EXERCISE: As you print the data below, keep every line exactly as it is and leave the images behind.

RAW DATA:
▬▬▬▬▬▬
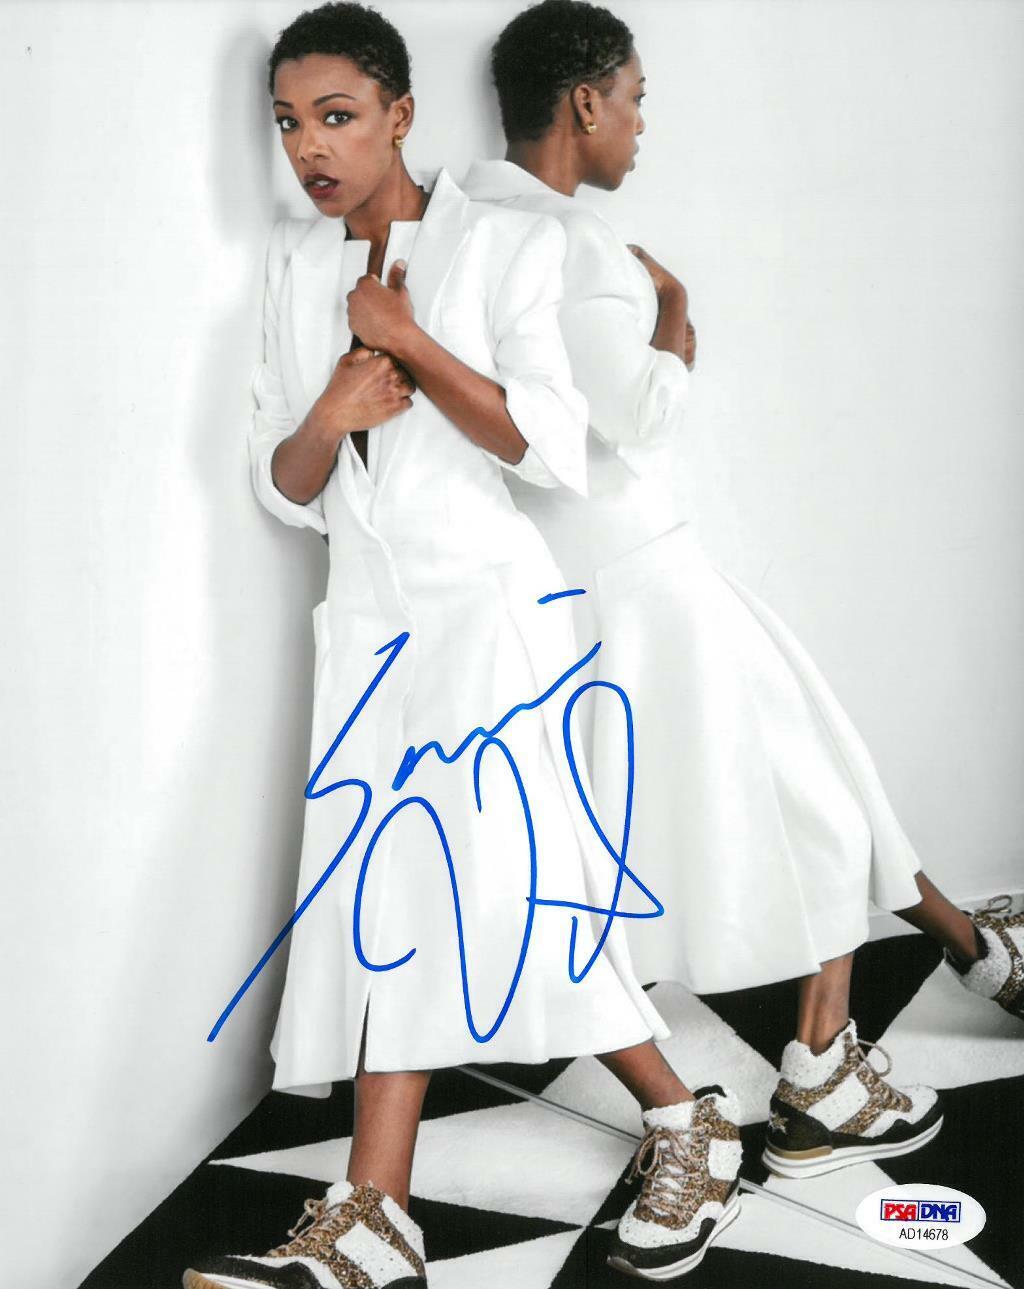 Samira Wiley Signed Authentic Autographed 8x10 Photo Poster painting PSA/DNA #AD14678
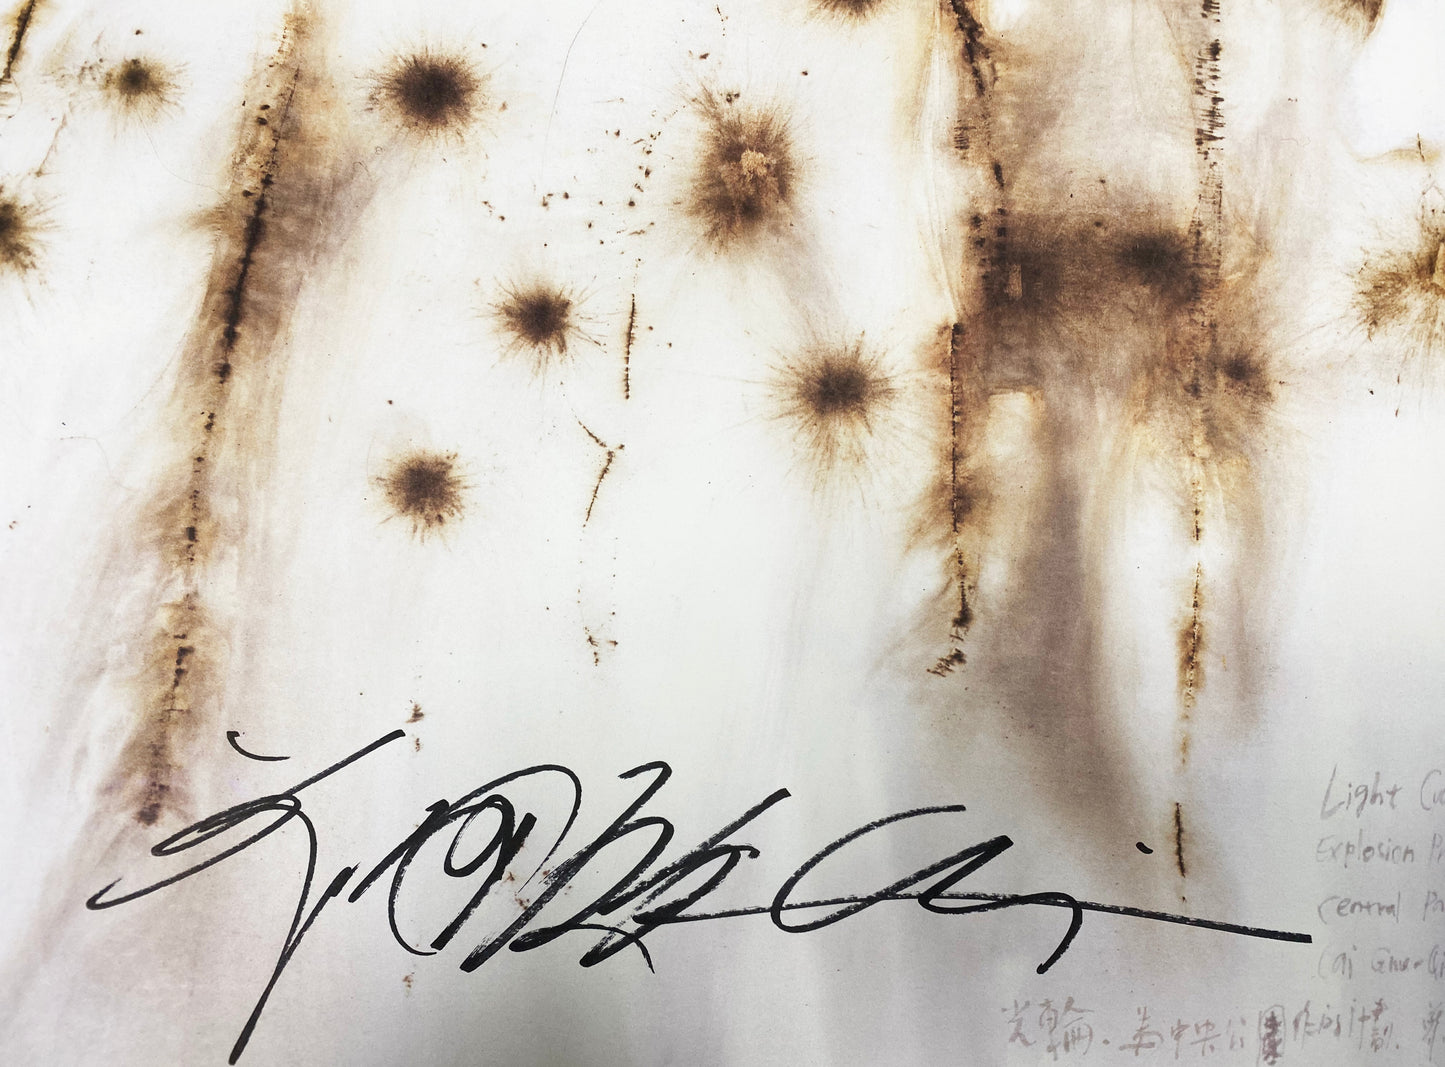 CAI GUO-QIANG - "An Explosion Event: Light Cycle over Central Park" Exhibition Poster ( Signed and Framed), 2005
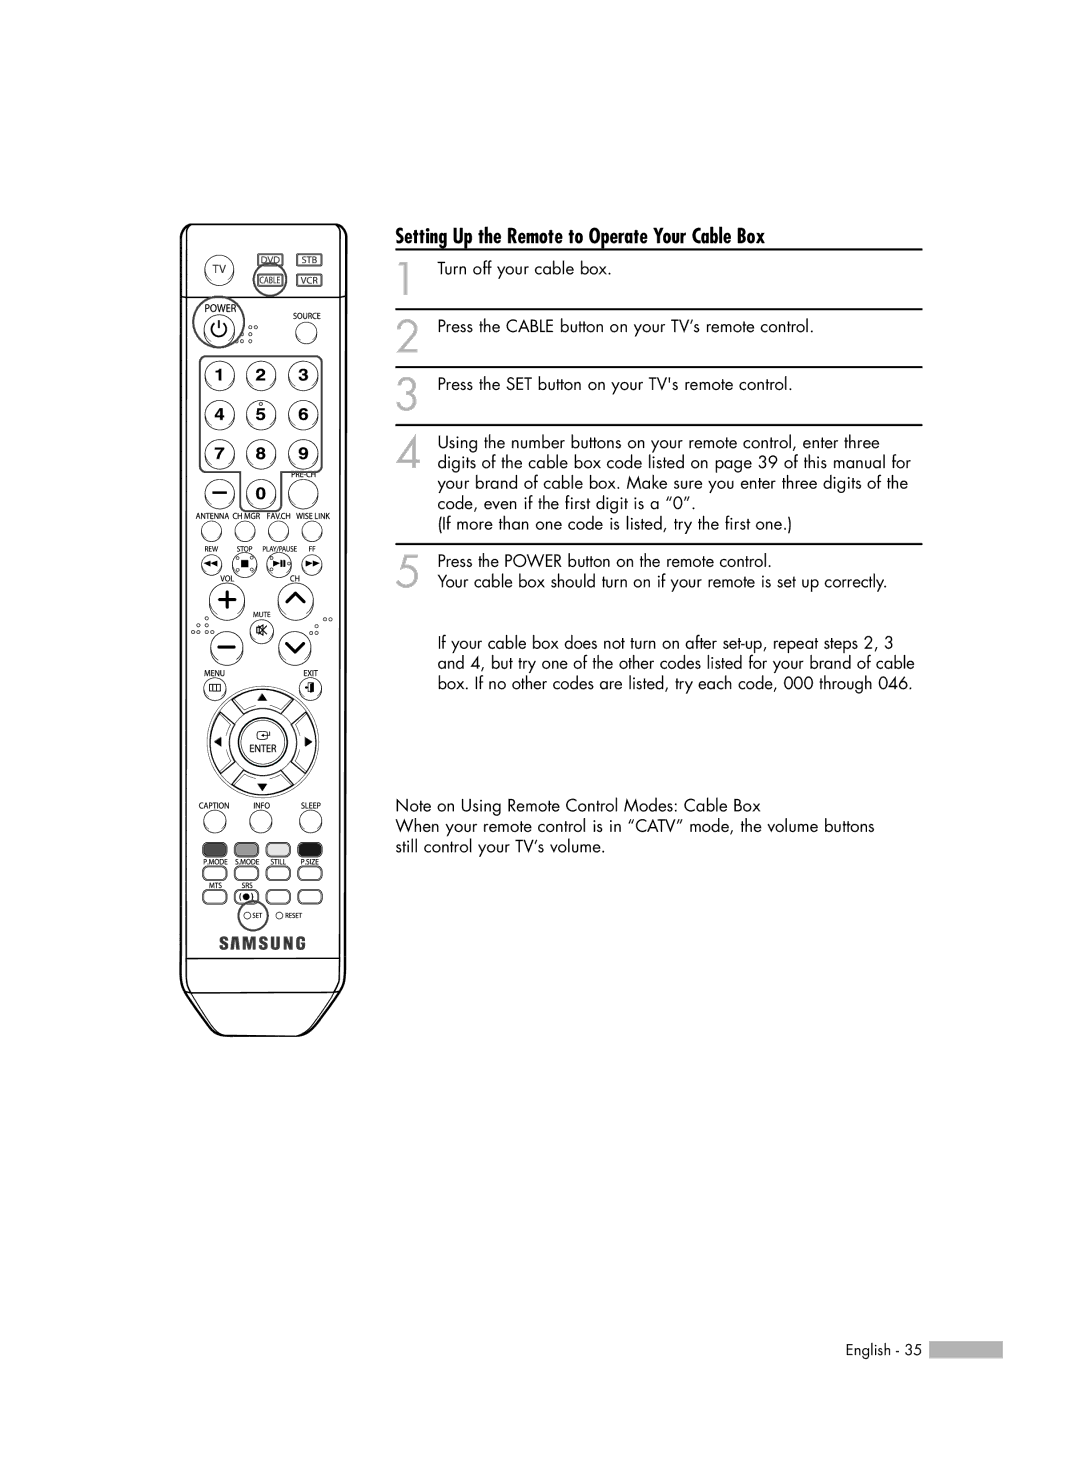 Samsung HL-S5666W, HL-S6166W, HL-S5066W, HL-S4666W manual Setting Up the Remote to Operate Your Cable Box
▬▬▬▬▬▬
ANSWER TO THE PROBLEM:
 Samira Wiley Signed Authentic Autographed 8x10 Photo Poster painting PSA/DNA #AD14678
 CAI GUO-QIANG - "An Explosion Event: Light Cycle over Central Park" Exhibition Poster ( Signed and Framed), 2005
 Samsung HL-S5666W, HL-S6166W, HL-S5066W, HL-S4666W manual Setting Up the Remote to Operate Your Cable Box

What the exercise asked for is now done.